Inverter-Based Resource or Plant Modeling
Abstract
A method is disclosed for exporting a black-box model of an inverter-based resource or plant from a first software platform for use by a second software platform. The method comprises simulating, using the first software platform, instantaneous time-domain responses of the inverter-based resource or plant to respective conditions defined by a script, according to the black-box model. The method may further comprise generating training data from the instantaneous time-domain responses and the respective conditions. The method may further comprise, with the training data, training a machine learning model to model the inverter-based resource or plant, wherein the trained machine learning model is transparent as to its inner workings.

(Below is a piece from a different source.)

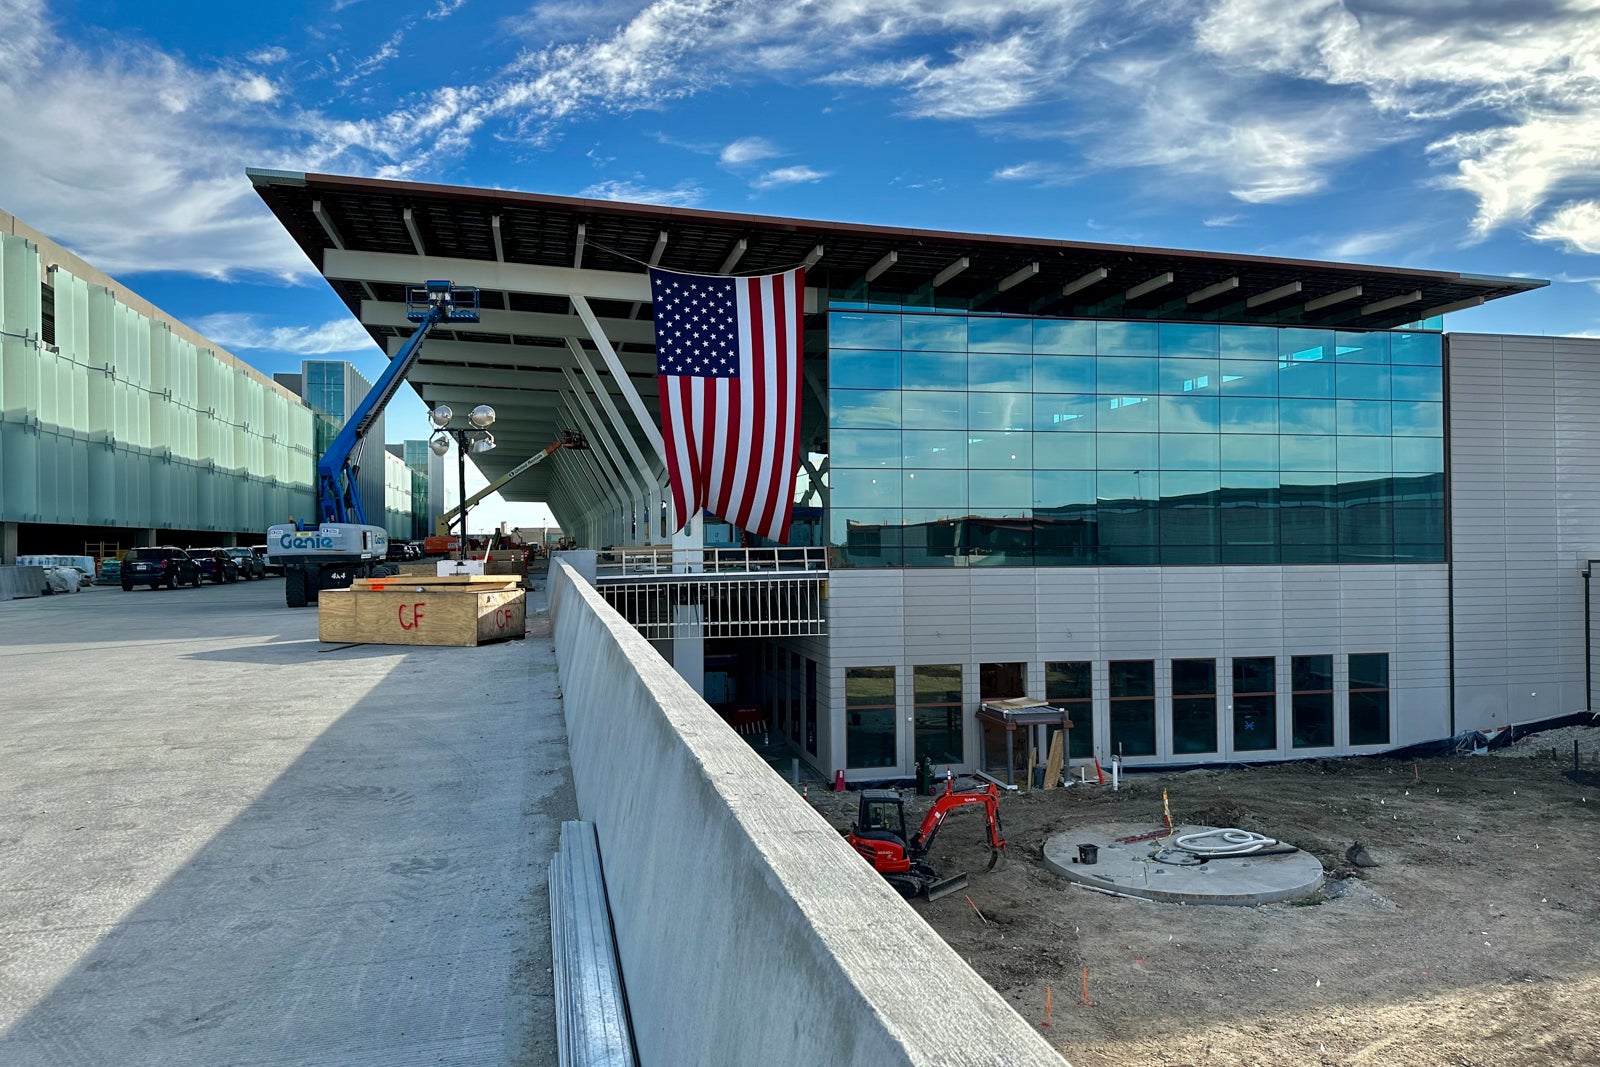 KCI welcomes the first flyers into a new airport terminal showing

The method may further comprise generating software code that represents the trained machine learning model in terms of software code usable for defining a custom model of the inverter-based resource or plant in the second software platform.
Claims
exact text as granted — not AI-modifiedWhat is claimed is:
1 . A method for exporting a black-box model of an inverter-based resource or plant from a first software platform for use by a second software platform, the method comprising:
simulating, using the first software platform, instantaneous time-domain responses of the inverter-based resource or plant to respective conditions defined by a script, according to the black-box model of the inverter-based resource or plant; generating training data from the instantaneous time-domain responses and the respective conditions; with the training data, training a machine learning model to model the inverter-based resource or plant, wherein the trained machine learning model is transparent as to its inner workings; and generating software code that represents the trained machine learning model in terms of software code that is usable for defining a custom model of the inverter-based resource or plant in the second software platform.

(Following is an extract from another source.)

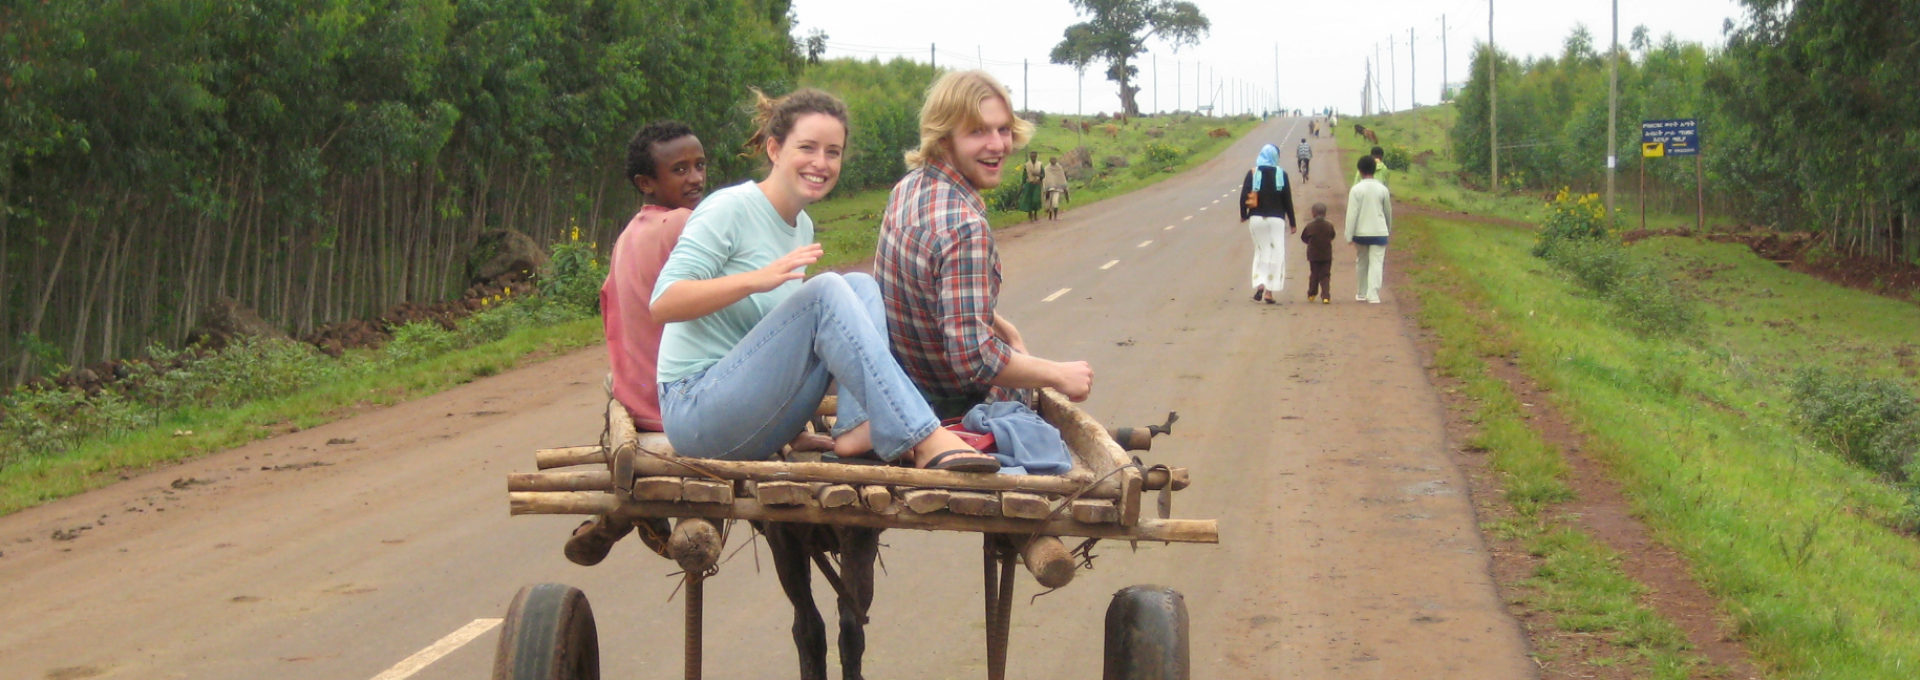 Two volunteers sitting on a animal pulled cart.

2 . The method of claim 1 , wherein the black-box model is specific to the first software platform, and wherein the generated software code is not specific to the first software platform.

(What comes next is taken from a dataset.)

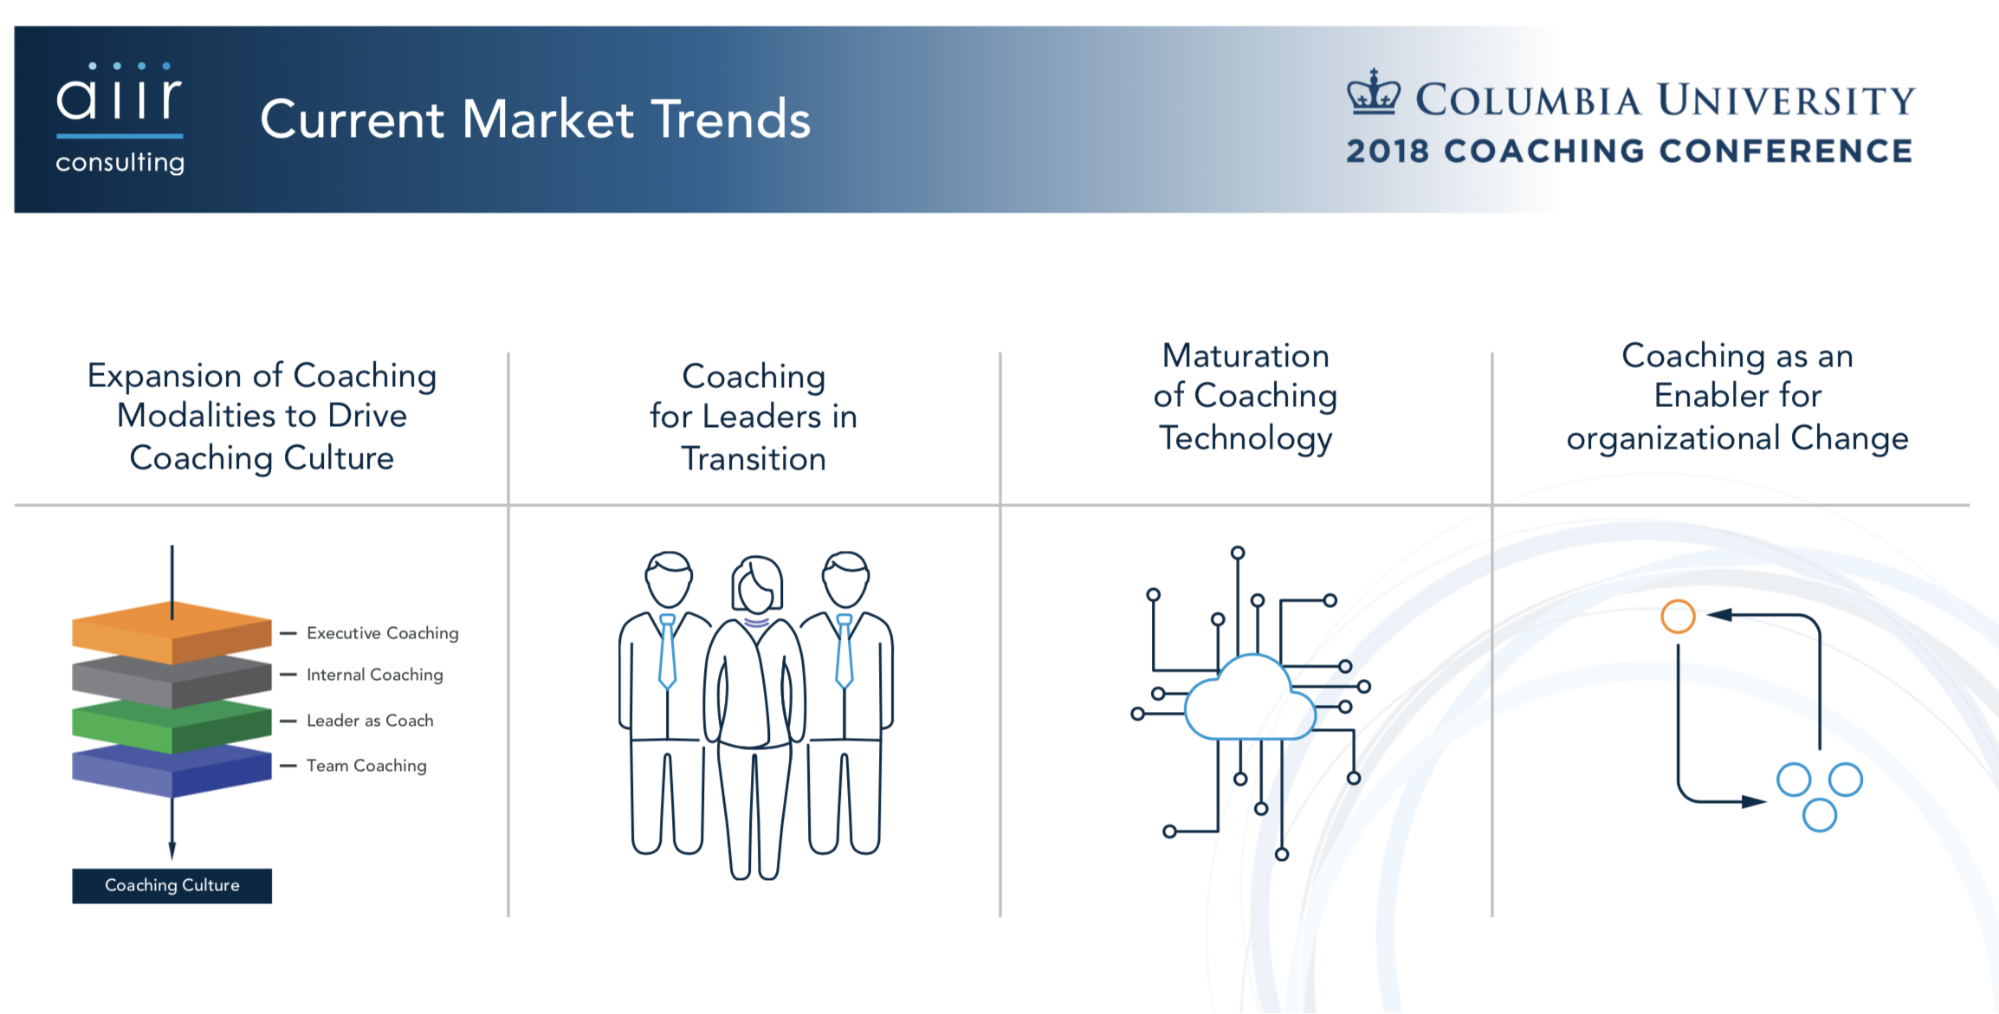 Coaching market trends for 2018-2019.

3 . The method of claim 1 , wherein the first software platform is a first non-real-time Electromagnetic Transient (EMT) simulation platform, and wherein the second software platform is a second non-real-time EMT simulation platform or a real-time EMT simulation platform.
4 . The method of claim 1 , wherein the machine learning model is a deep learning model.
5 . The method of claim 1 , wherein the machine learning model is a long short-term memory (LSTM) network.
6 . The method of claim 1 , wherein the software code is C or C++ code.
7 . The method of claim 1 , wherein the script is a Python script.
8 . The method of claim 1 , further comprising defining a custom model of the inverter-based resource or plant in the second software platform by importing the generated software code into the second software platform.
9 . The method of claim 8 , further comprising performing a power system study of the inverter-based resource or plant on the second software platform, with the inverter-based resource or plant modeled with the custom model in the second software platform.
10 . The method of claim 1 , wherein generating the training data further comprises generating the training data also from field measurements of instantaneous time-domain responses of the inverter-based resource or plant to one or more of the conditions.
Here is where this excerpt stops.